Пошлый, как это казалось аристократическому семейству, фарс обернулся трагедией.
Без потрясающего финала, примышленного Куприным, «Гранатовый браслет» не поднялся бы до уровня прекрасной трагической поэмы о безнадежной любви, каким он вошел в сознание читателей.
Может быть, Куприн изменил ход событий ради большого драматического и эмоционального напряжения? Разумеется, и это имело место.
Фабульное заострение, если, конечно, оно продиктовано естественной логикой повествования, — не мелочь, которой можно пренебречь.
Заострение родилось не по прихоти художника. Куприн с другой стороныпосмотрел на казус, приключившийся у Любимовых. Он увидел случившееся не глазами аристократической семьи, а глазами бедного разночинца, на свое горе полюбившего женщину недоступного ему круга.
Александр Иванович Куприн свел знакомство с сановной семьей Любимовых через родственников жены. Но к их кругу он никогда не принадлежал.
Любимовы, даже лучшие из них, смотрели на Россию, на русских людей сверху. Куприн сроднился с простым людом и близко наблюдал его. Прежде чем стать литератором, Куприн перепробовал ряд «плебейских» профессий. Он был актером и псаломщиком, грузчиком и репетитором, кладовщиком и репортером.
Константин Георгиевич Паустовский рассказывал мне, что в бытность свою в Одессе, в годы гражданской войны, он свел знакомство со многими людьми, близко знавшими Куприна. По их словам, новый, только что написанный, еще не напечатанный рассказ Куприн любил читать вслух людям из низов, в литературе совершенно неискушенным. Он собирал портовых рабочих, грузчиков либо моряков, рыбаков, извозчиков и жадно прислушивался к тому, как они воспринимают написанное им.
Его влекло к простым людям. Поэтому он так хороню изобразил крестьян Полесья, рабочих и служащих сталелитейных заводов Донбасса, рыбаков Балаклавы, посетителей одесских кабачков, жителей окраин и мутных городских закоулков. Он легко сходился с людьми из низов, всей душой входил в их заботы.
Узнав от Любимовых о злосчастной истории с телеграфистом Желтым, Куприн зажил в своем воображении именно его радостями и печалями, проник в его душу.

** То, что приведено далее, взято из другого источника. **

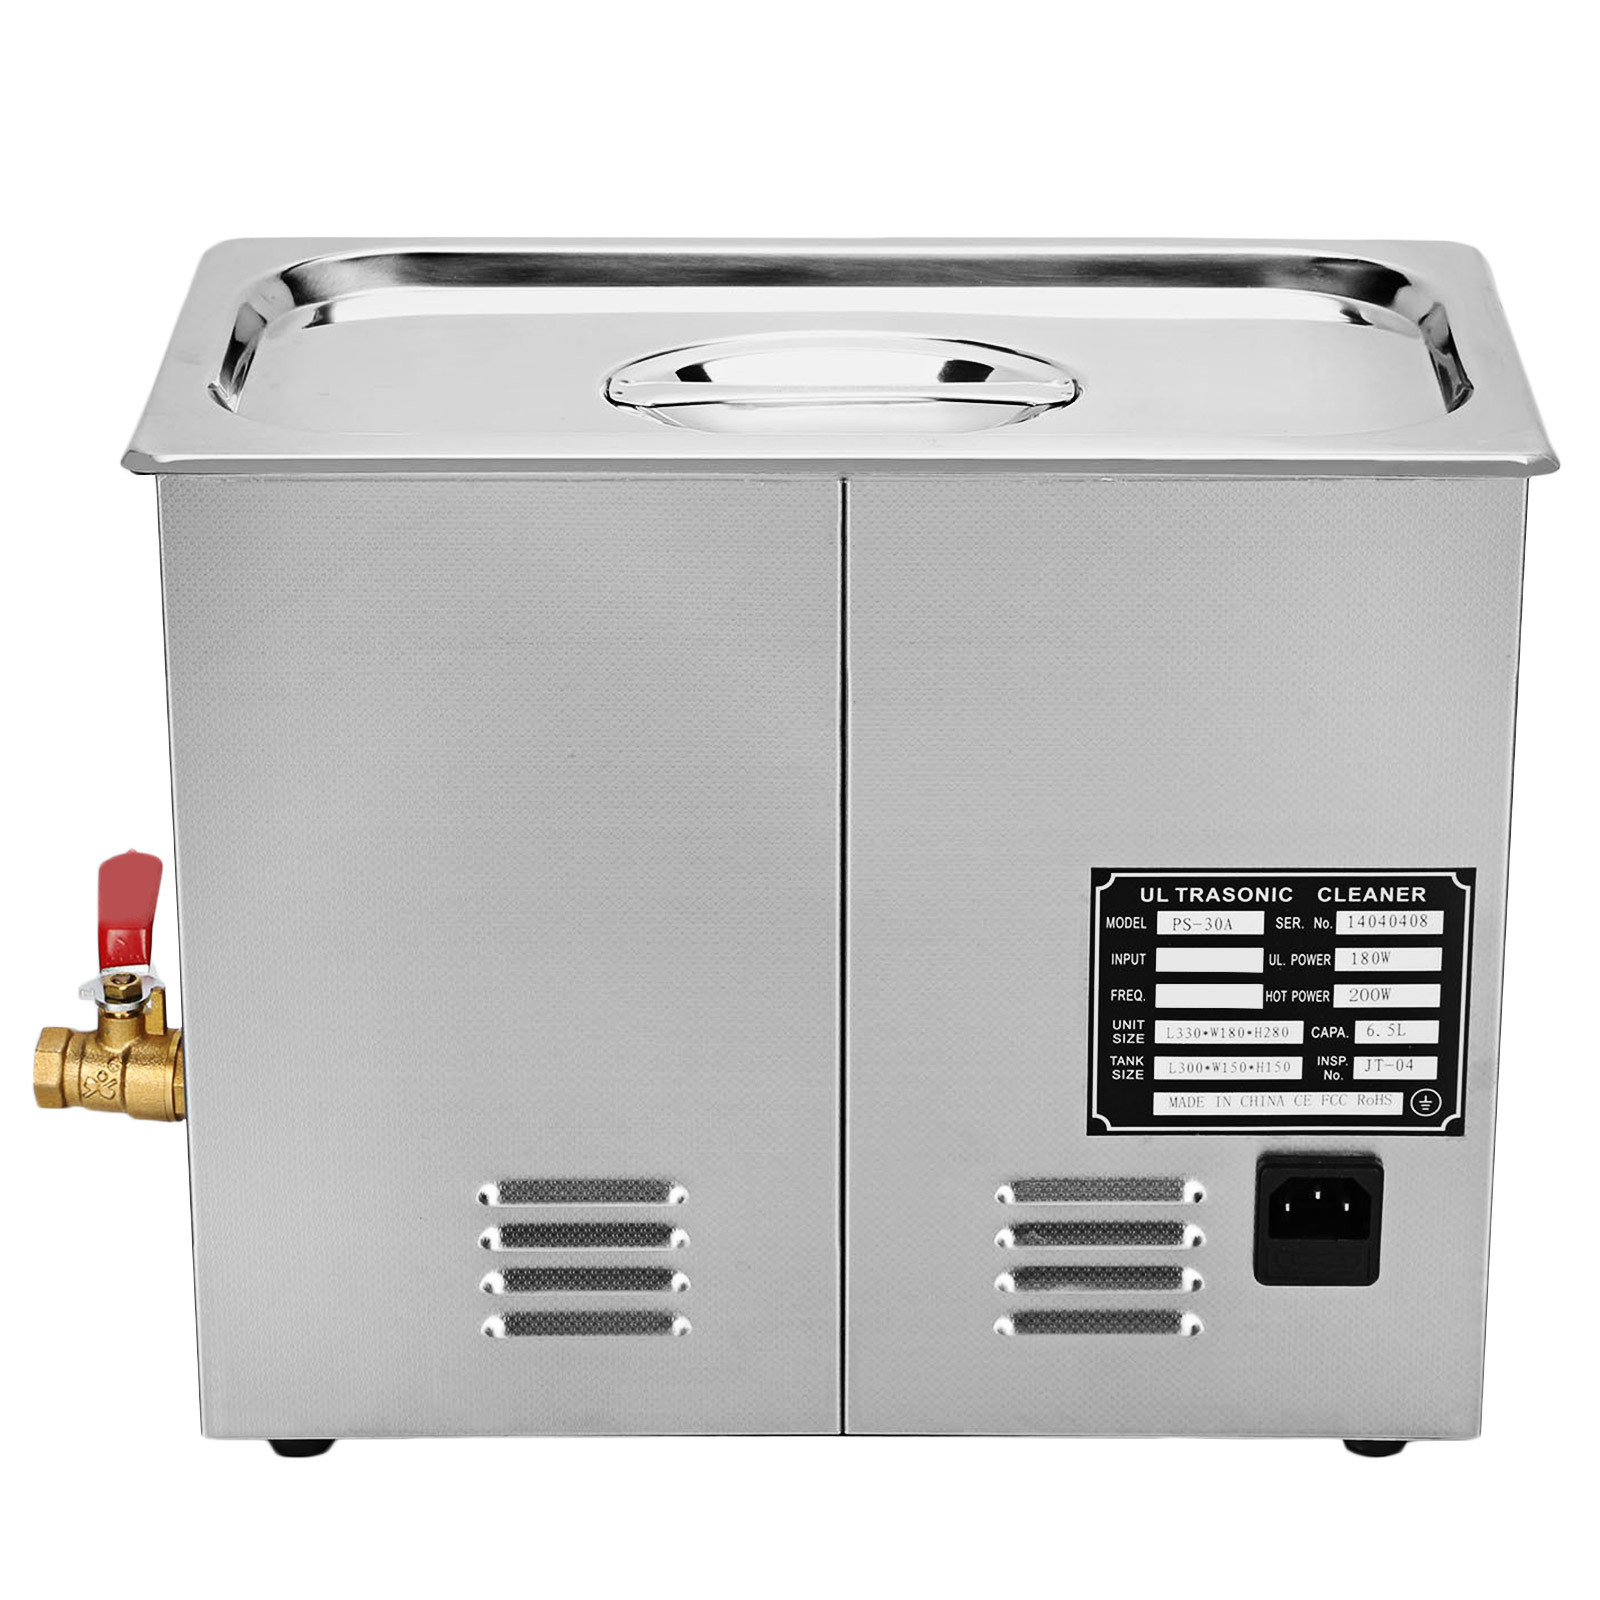 VEVOR 22L Industrial Ultrasonic Cleaner with Digital Timer&Heater 40kHz  Professional Ultrasonic Cleaner 110V with Excellent Cleaning Effect for  Wrench Tools Industrial Parts Mental Apparatus

И все предстало в ином свете.
Не только заносчивый и спесивый брат Людмилы Ивановны, но и остальные члены семьи и вообще люди их круга считали само собой разумеющимся, что какой-то телеграфист, по сравнению с ними, — существо низшего порядка. Что он ниже их не только по социальной «табели о рангах», но и в чисто человеческом смысле, — по интеллектуальному уровню и нравственным достоинствам.

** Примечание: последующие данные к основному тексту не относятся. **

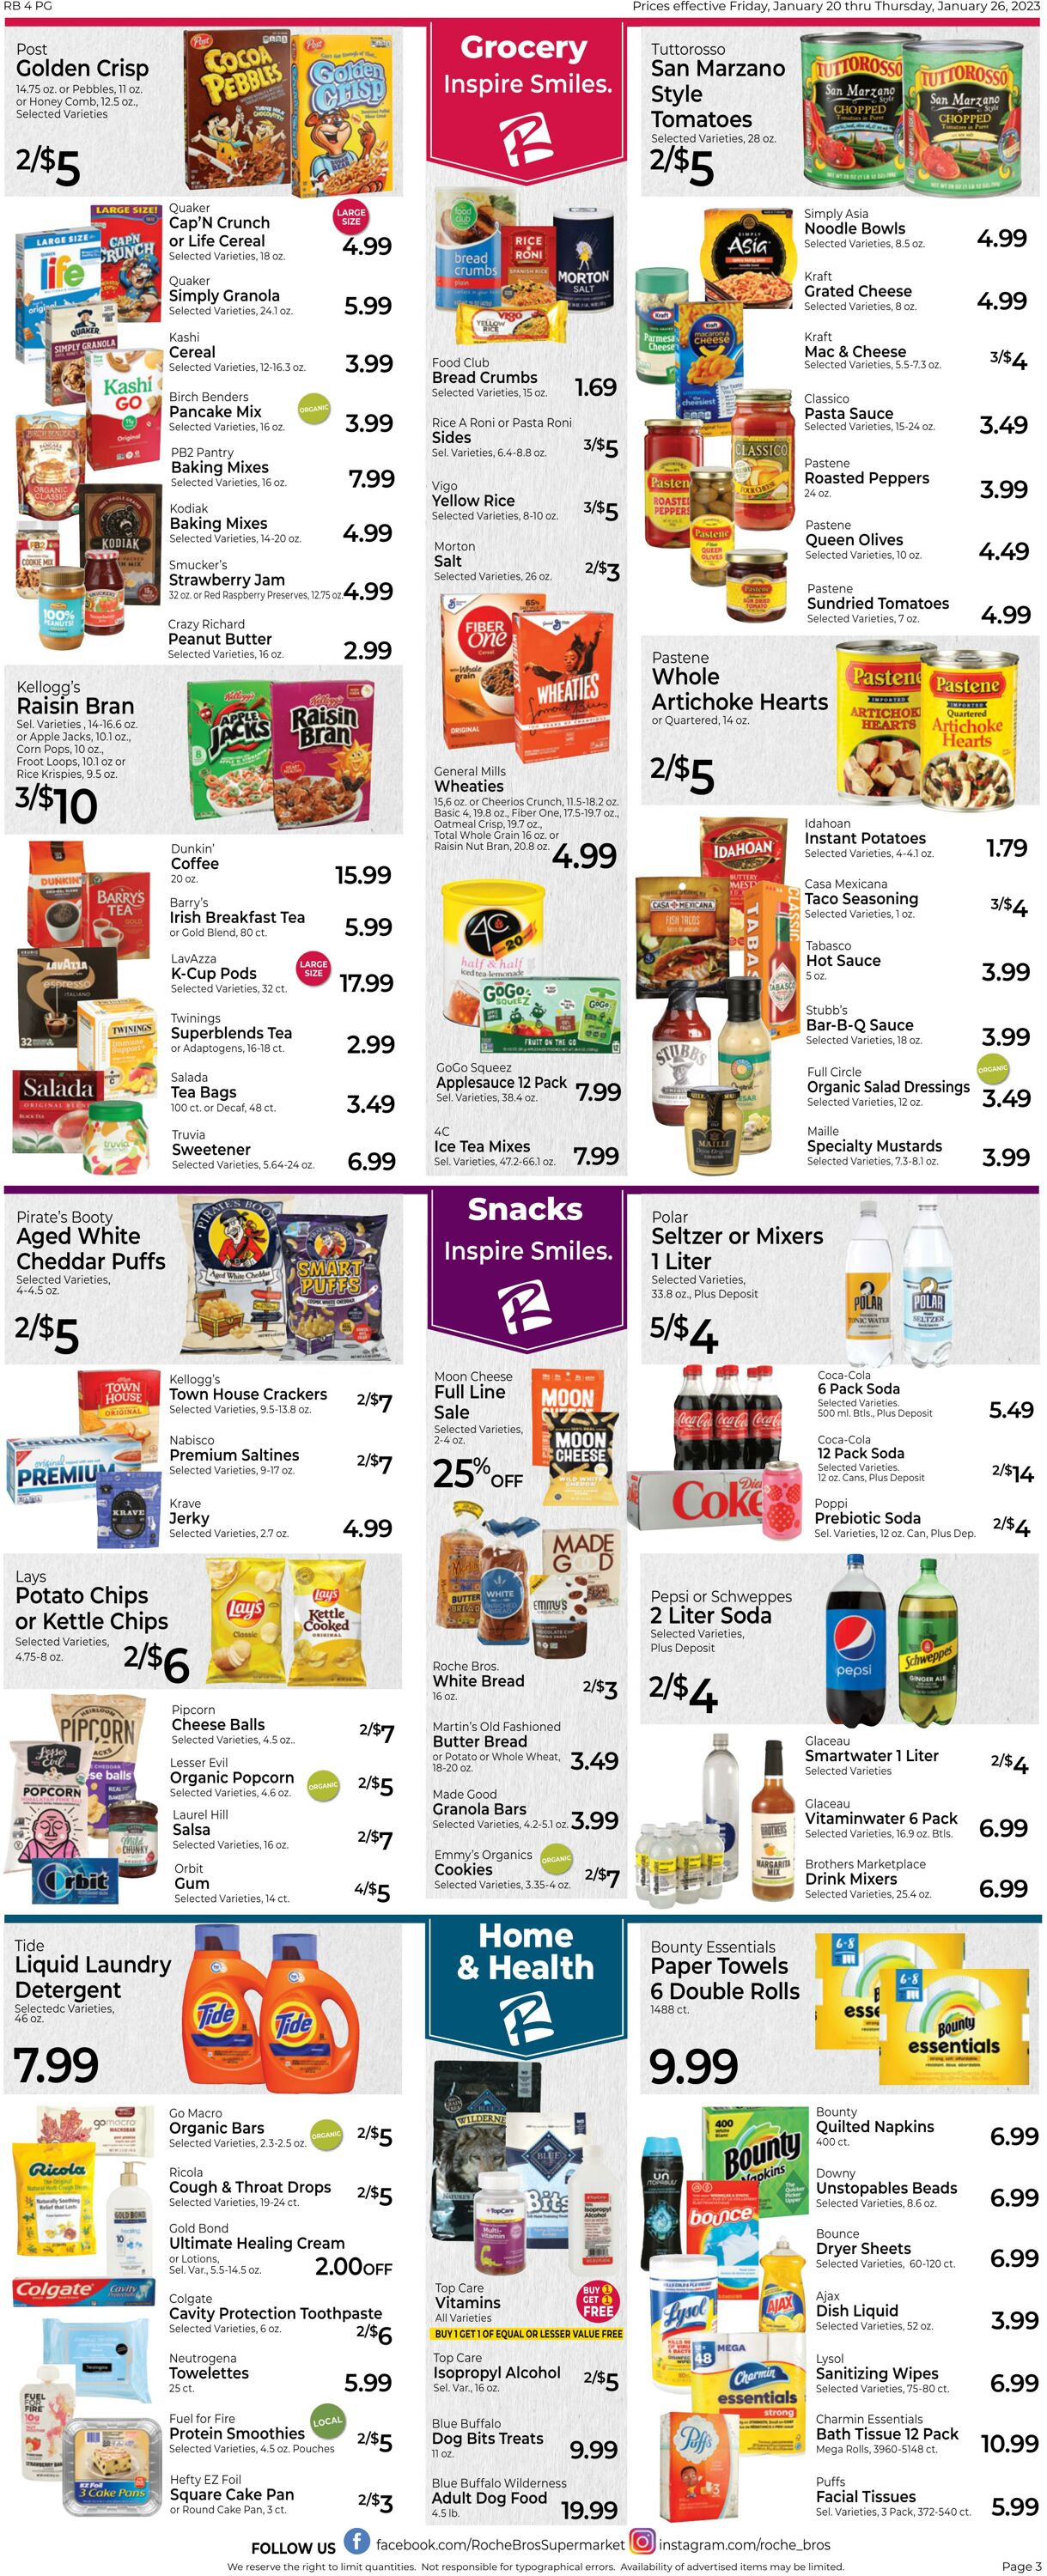 Weekly ad Roche Bros 01/20/2023 - 01/26/2023

Трагический финал «Гранатового браслета» силой художественной правды нес с собой мысль о потрясающем душевном превосходствеполунищего мелкого служащего над светской надменной верхушкой, над привилегированной элитой общества.
Князья Шеины и Мирза-Булат-Тугановские кичатся своей воспитанностью, тонкостью чувств, изысканной культурой. И вот влюбленный телеграфист, «герой» анекдотов, банальный носитель пошлости и безвкусицы, обнаруживает такую высоту души, такой чистоты чувство, такую благоговейную любовь, перед которой всем им следовало бы преклониться.
Дмитрий Николаевич Любимов рассказывал сыну, что он «почувствовал в Желтом пламя подлинной беззаветной страсти». В таком же духе, очевидно, он описывал и Куприну эпизод посещения мансарды Желтого. По всей вероятности, это наблюдение и побудило писателя заглянуть в глубь души странного поклонника и под шелухой не слишком тактичных поступков (проникновение в комнаты Людмилы Ивановны под видом полотера) увидеть пламя чистой и высокой любви.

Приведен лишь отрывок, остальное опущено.